+++ Dataset section +++

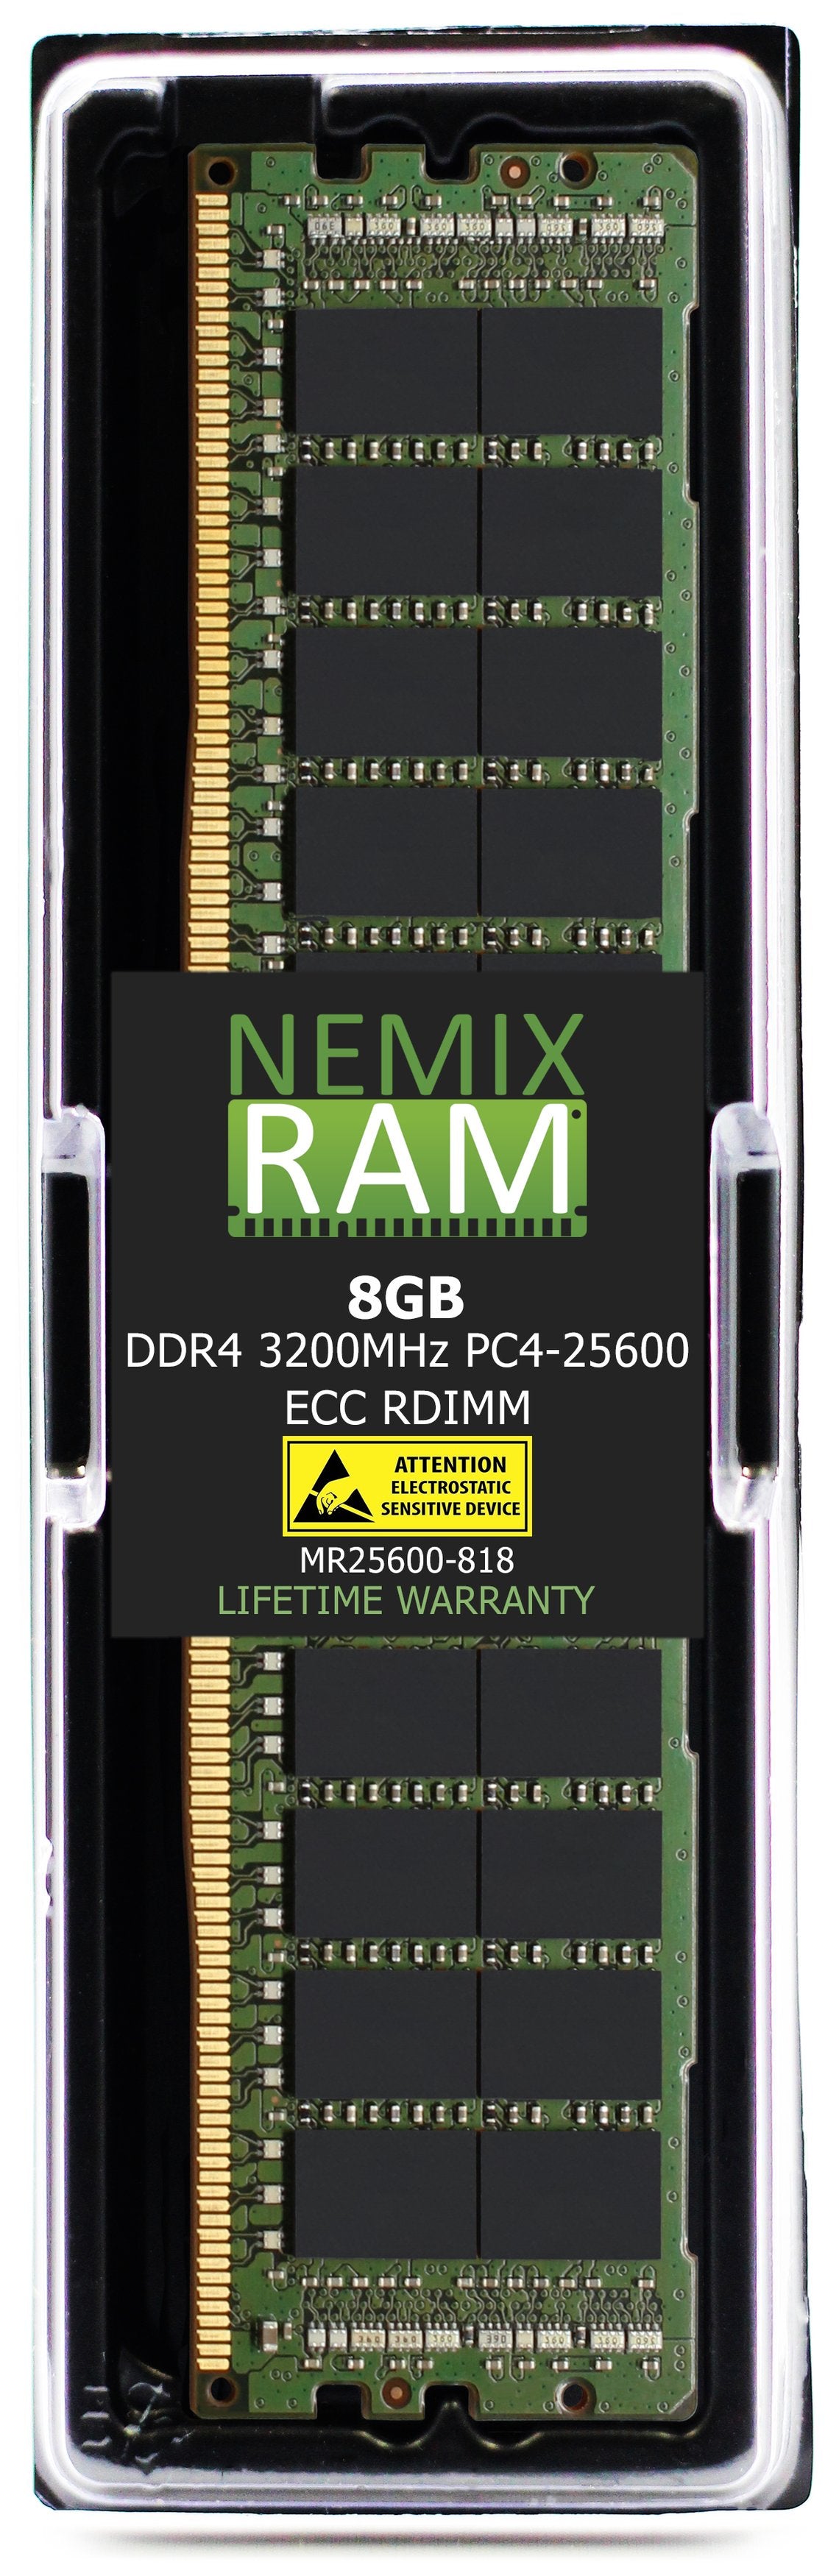 Hynix HMA81GR7CJR8N-XN 8GB DDR4 3200MHZ PC4-25600 RDIMM Compatible Memory Module
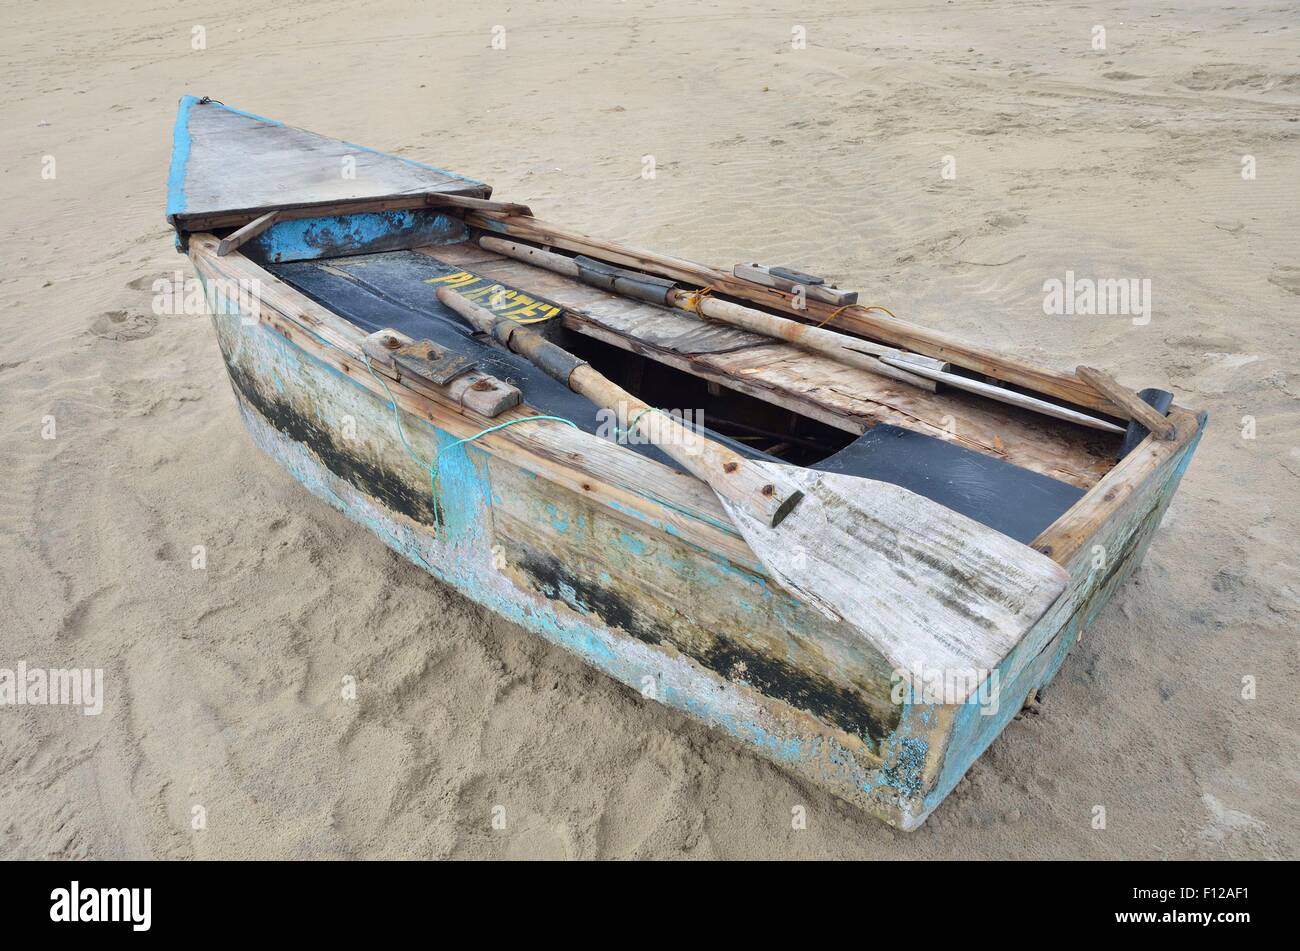 Diese alte, unsichere Fischerboot am Strand von Inhambane, Mosambik liegen ist im täglichen Einsatz. Stockfoto
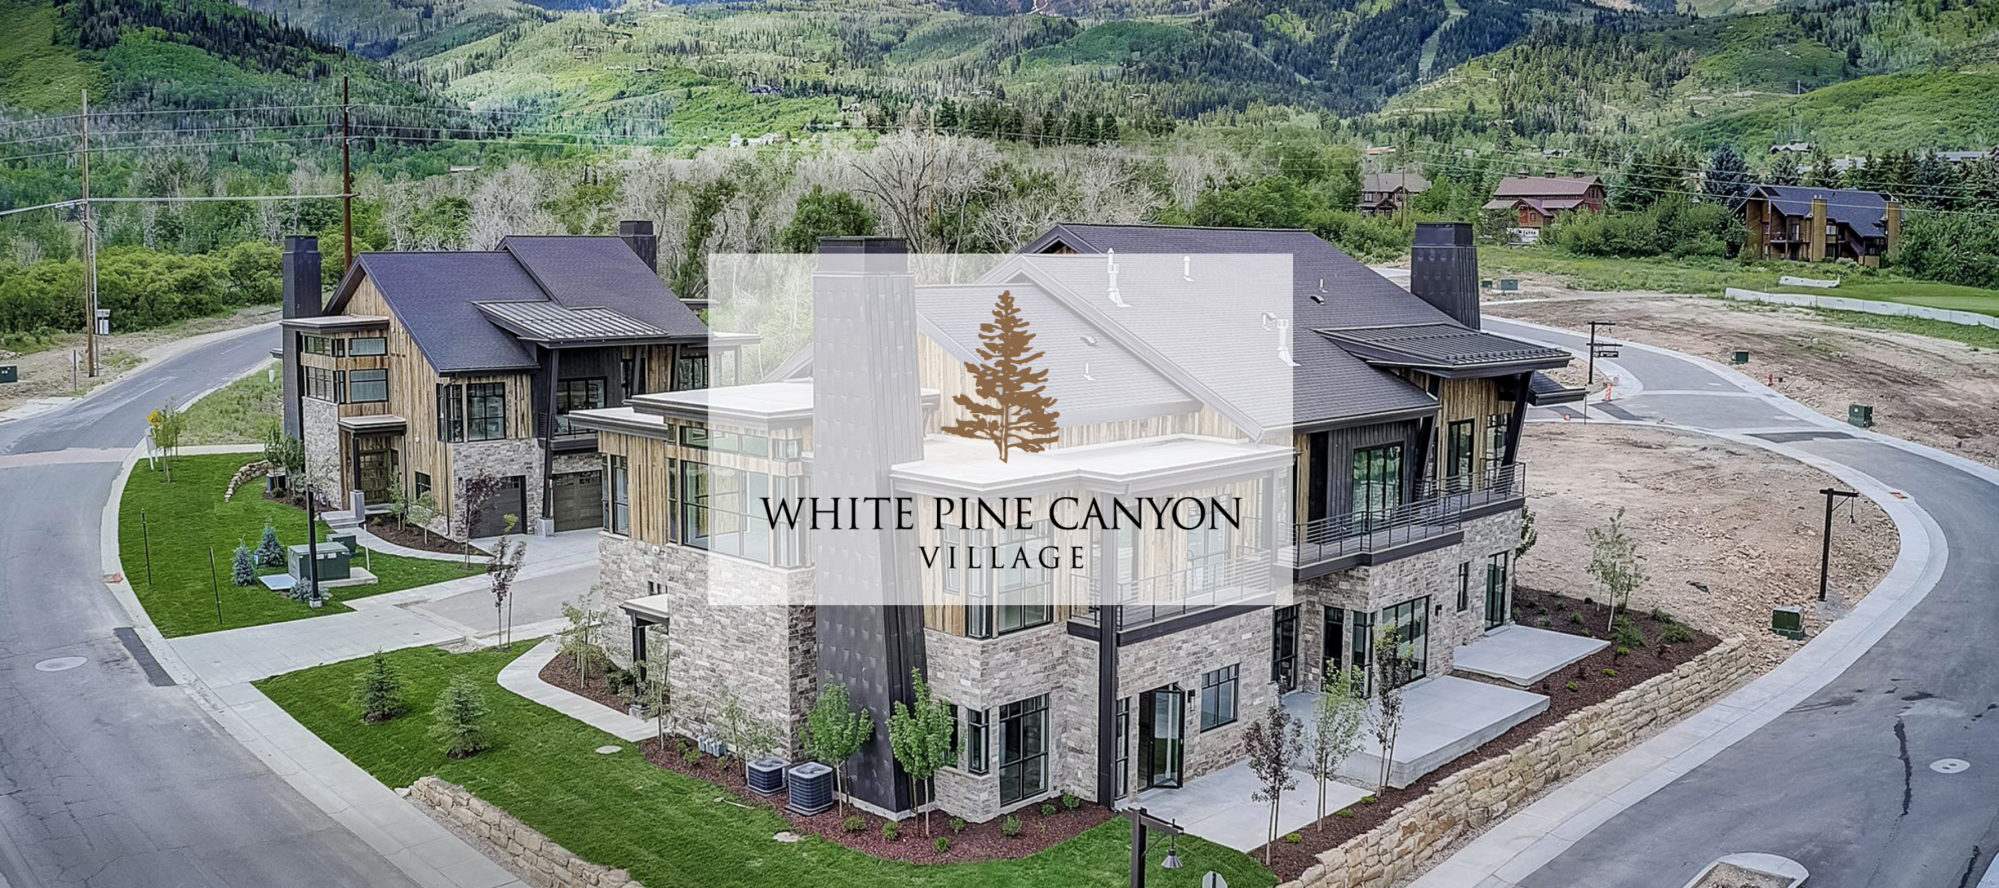 White Pine Canyon Village

+++

Task description: Each line from the one that holds "Diese alte, unsichere" through the final line of the data must be retyped exactly; the pictures must not appear.

Completed exercise:
 Diese alte, unsichere Fischerboot am Strand von Inhambane, Mosambik liegen ist im täglichen Einsatz. Stockfoto
 White Pine Canyon Village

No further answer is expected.